The paintings were massive, tarry things. Finding an angle to get a view was impossible in the milling crowd. I wasn’t interested in the paintings, anyway. Lou Reed was there, and Laurie Anderson. Chuck Close in his wheelchair, wearing a patterned kufi and bright blue eyeglasses. I never saw Bowie.
I did spot someone I knew. Julian Schnabel’s nephew was from my town, was my age. He stood by himself, as I did, and though it had been years, and we hadn’t been friendly, I was desperate to appear connected to someone there. He was tall and looked down at me. A mole on the tip of his nose made an awkward focal point. We went to Hebrew school together, I said, conscious of the lameness of the words as I spoke them. I could see that he didn’t recognize me, or didn’t care.
I mentioned the job I’d done for his uncle, the bathtubs, how I wondered if they’d show up someday in the work. Oh those, the nephew said. Those weren’t for Julian, they were for my dad. He was going to refurbish them, you know, for the upscale market. Tribeca lofts, condos, that sort of thing.
All around us, luminaries drank wine out of stemmed glasses. The nephew dissolved into the richly textured crowd, leaving me as alone as I’d ever been. I felt like a timid animal, squirming its way through the crowd, begging pardon. At the front door I looked back, hoping for someone or something to catch my eye, for an entreaty to stay, an invitation to belong. But there was only the cursory nod of a staffer at the desk from behind a pile of catalogs. I went out onto the street and walked toward Houston, where I would turn left, headed west toward the river, toward New Jersey, where I’d been born, where I’d soon return. In Jersey, I’d sit inside a windowless office in an industrial park, making things nobody would ever call art. But there, also, I’d meet a woman who would tell me, If you want to write, write.

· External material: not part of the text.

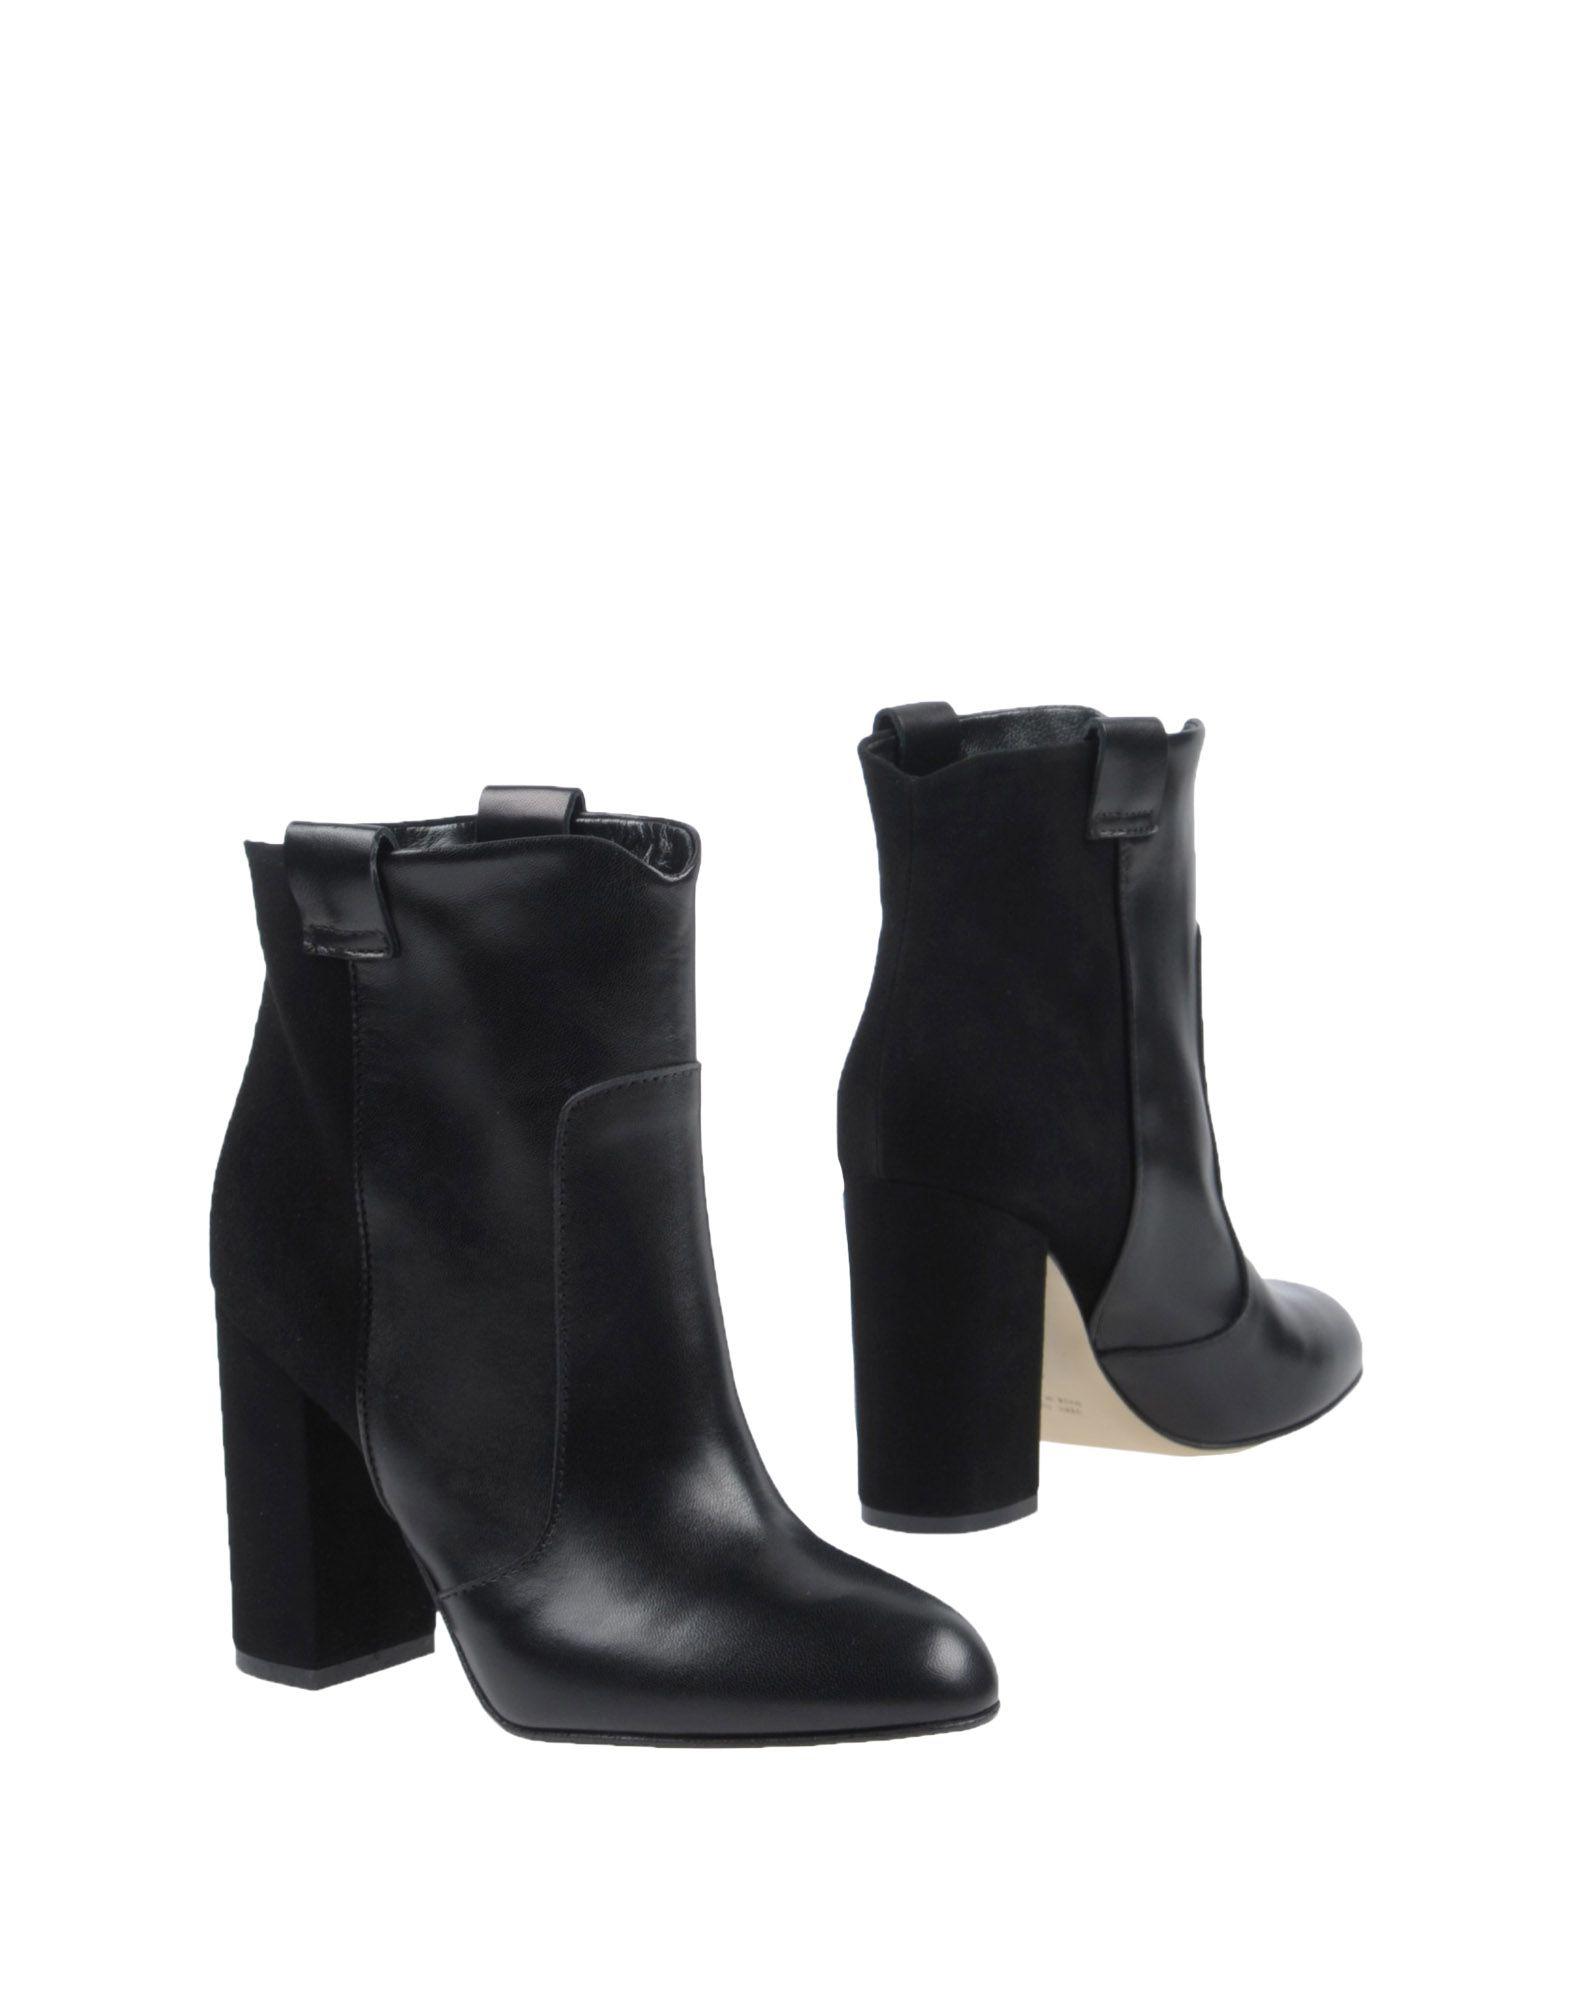 ATOS LOMBARDINI Полусапоги и высокие ботинки atos lombardini полусапоги и высокие ботинки

With her I would continue west, to the middle of the country to study, to work at a university, to buy a pretty little brick house, to raise a daughter.
Back on Greene Street, I didn’t know any of this. Every step I took away from the opening that night seemed to resound with what would turn out to be true—I wasn’t a painter. I would never be one. A supermodel, one I’d recognized, burst from the gallery and ran past me up the sidewalk, her heels hitting the cement with a mineral tick, a rose between her teeth muffling her laughter. A short bald man hastened in pursuit, his beautiful shoes never meant for running, calling out a name everyone knew.